SQL query engines with MPP architecture, such as Impala, presto, etc., can efficiently support SQL queries, but still need to rely on components such as Kudu, HDFS, Hive Metastore, etc., and the operation and maintenance cost is still relatively high. At the same time, due to the separation of computing and storage, the query engine cannot be very If you can sense the data changes in the storage layer in a timely manner, you cannot do more detailed query optimization. If you want to cache in the SQL layer, you cannot guarantee that the query results are up-to-date. Therefore, our goal is to seek an MPP database that integrates computing and storage to replace our current components of the storage computing layer. We have the following requirements for this MPP database:

  1. Fast enough query performance.
  2. More comprehensive support for standard SQL, user-friendly.
  3. It does not depend on other external systems and is easy to operate and maintain.
  4. Community development is active, which facilitates our subsequent maintenance and upgrades. Doris is an MPP-based interactive SQL data warehouse open source from Baidu to the Apache community. It is mainly used for reporting and multi-dimensional analysis. It mainly integrates Google Mesa and Cloudera Impala technology to meet our above requirements.
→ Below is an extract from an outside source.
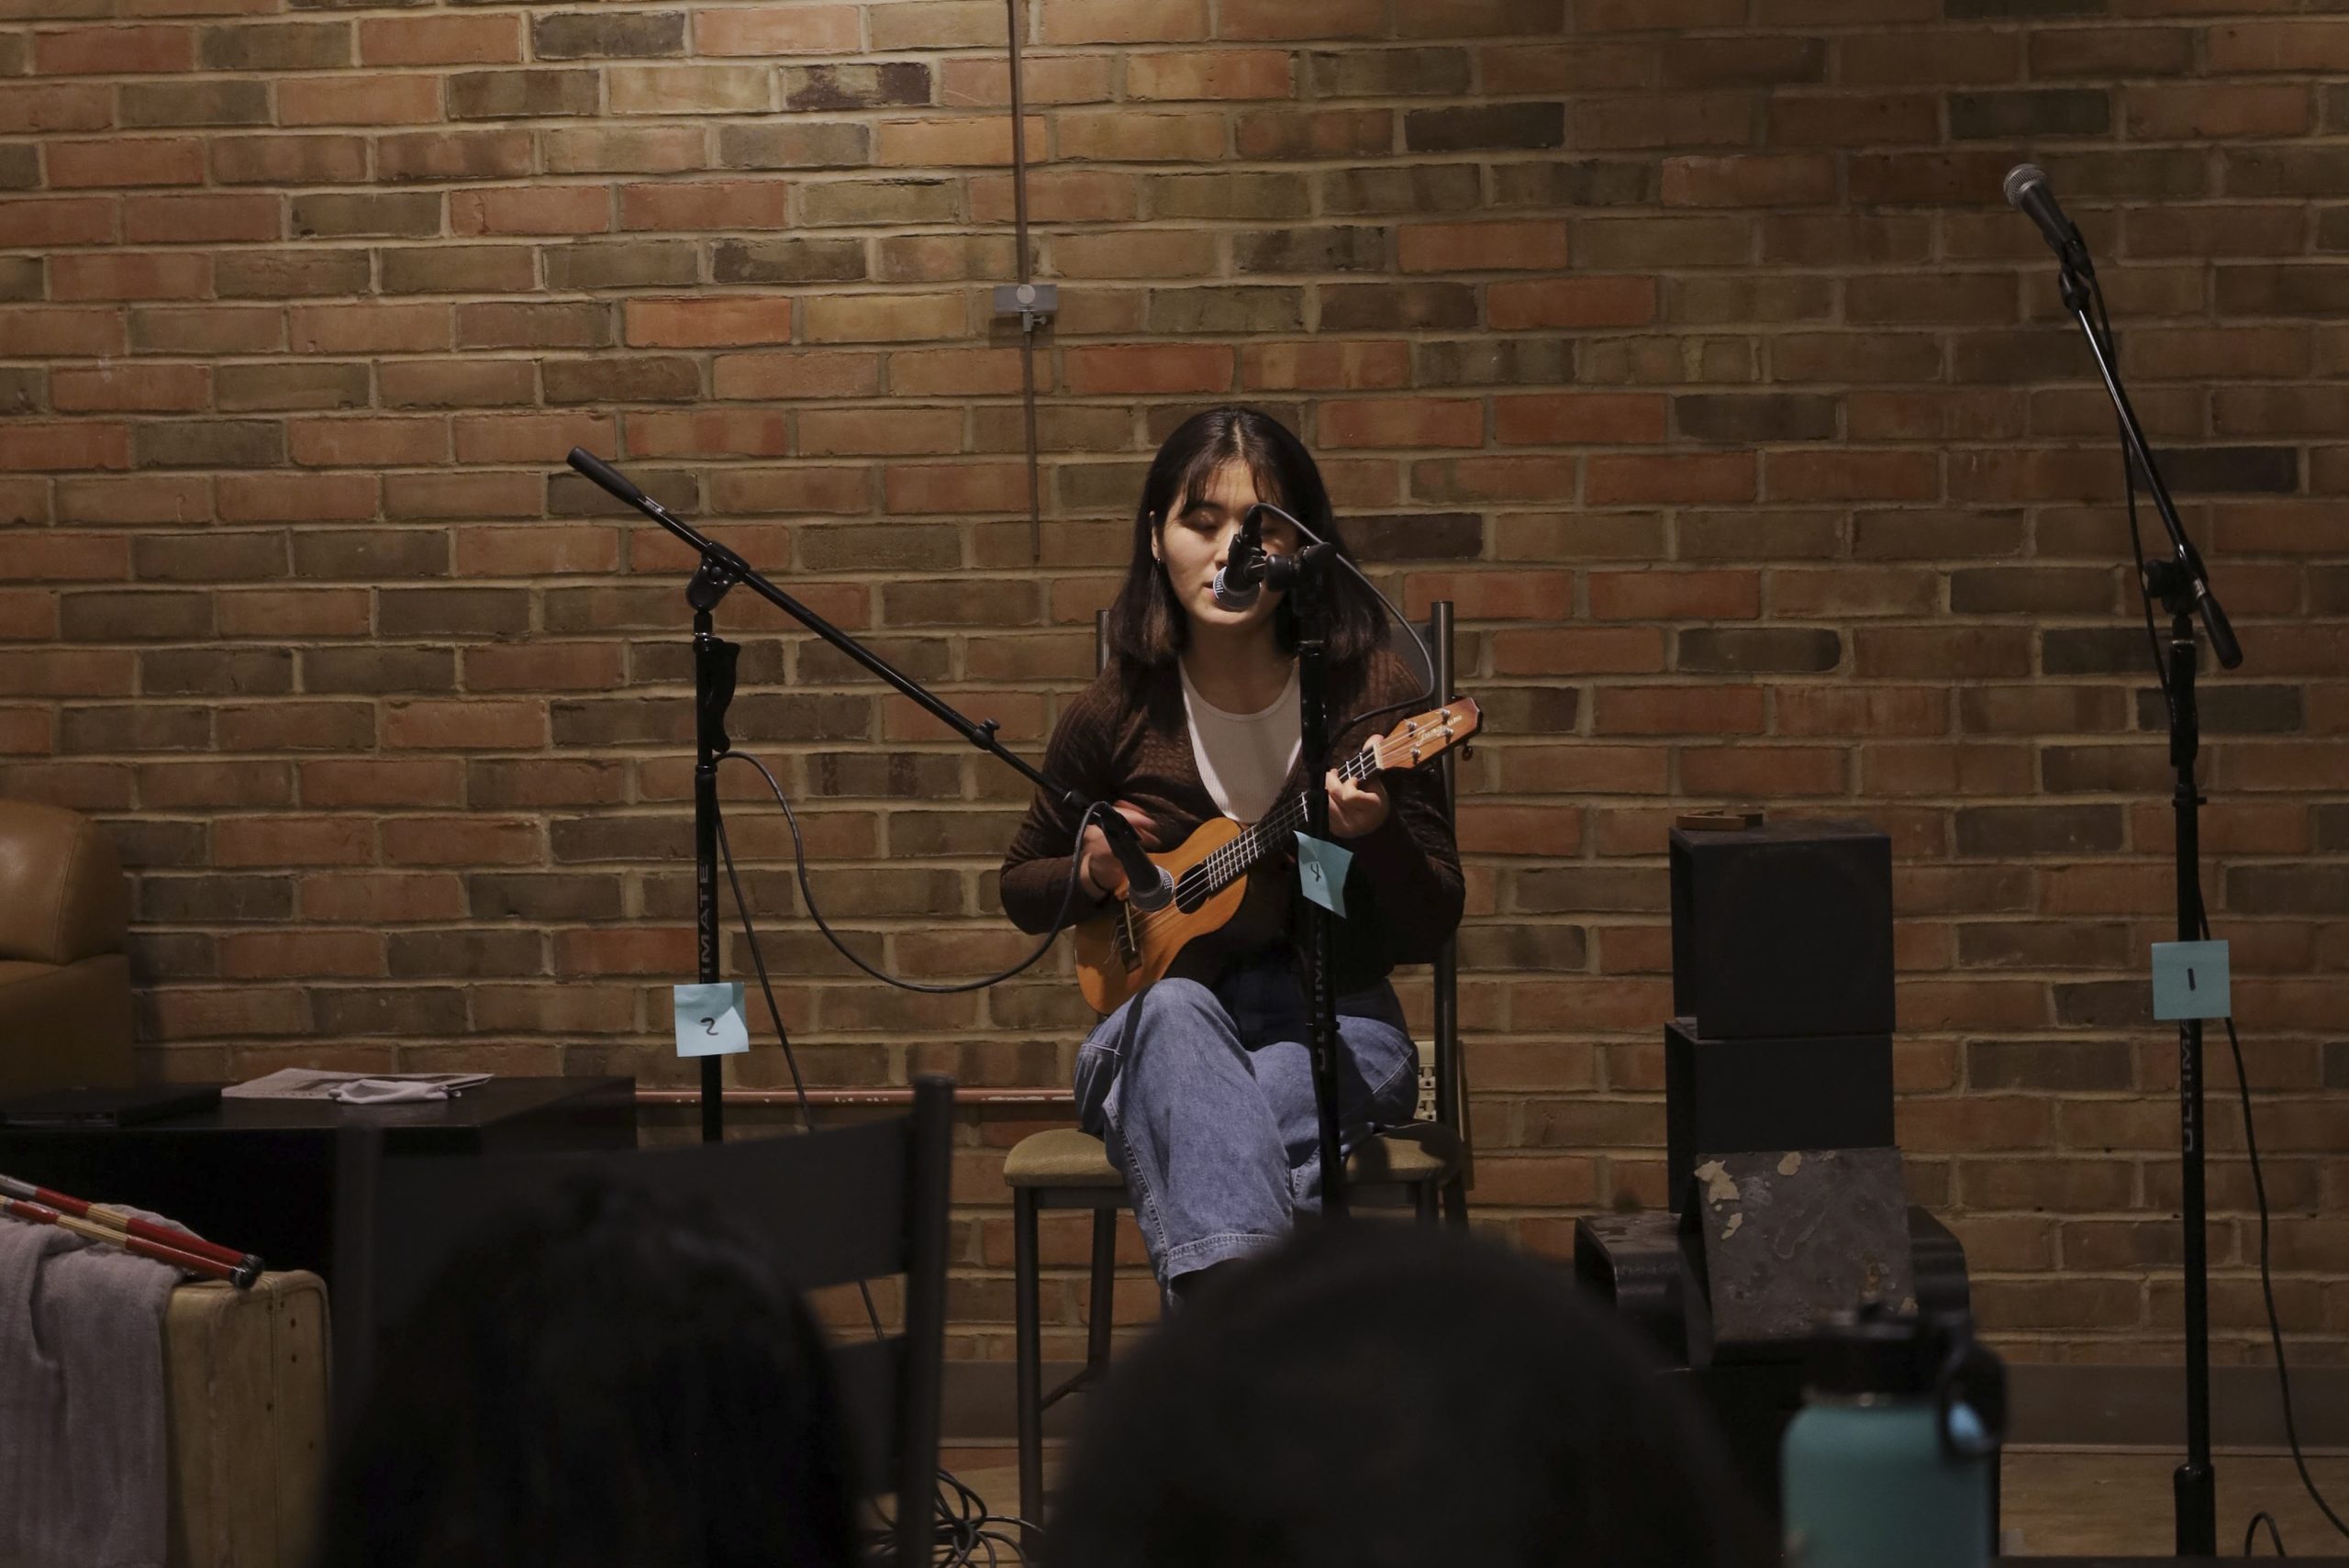 Yujin singing and playing ukulele

We conducted internal performance tests on Doris and communicated with the community to determine the solution for Doris to replace the original computing and storage components, so our new architecture is simplified as shown in the following figure:

3.3 Performance Test

Under the condition of configuring roughly the same computing resources, we selected a business with an average daily data volume of about 1 billion, and tested different scenarios (6 event analysis, 3 retention analysis, and 3 funnel analysis), different time ranges ( Query performance of SparkSQL and Doris from one week to one month).

As shown in the test results above, in the growth analysis scenario, the query performance of Doris is significantly improved compared to the SparkSQL+Kudu+HDFS solution. In the event analysis scenario, the query time is reduced by about 85% on average. In the retention and funnel scenarios On average, the query time is reduced by about 50%. For most of our business needs event analysis, this performance has improved a lot.

4 Doris practice and optimization

4.1 Usage of Doris in Growth Analysis Platform

With the increase of access services, our growth analysis cluster has expanded to nearly 100 units at the largest scale, and the stock data has reached the petabyte level. Among them, there are dozens of near real-time product line jobs, tens of billions of data are stored in the database every day, and the daily effective business query SQL reaches 1.2w+. The increase of business and the increase of cluster scale have brought us many problems and challenges. Below we will introduce some problems and countermeasures or improvements encountered in the operation and maintenance of Doris cluster.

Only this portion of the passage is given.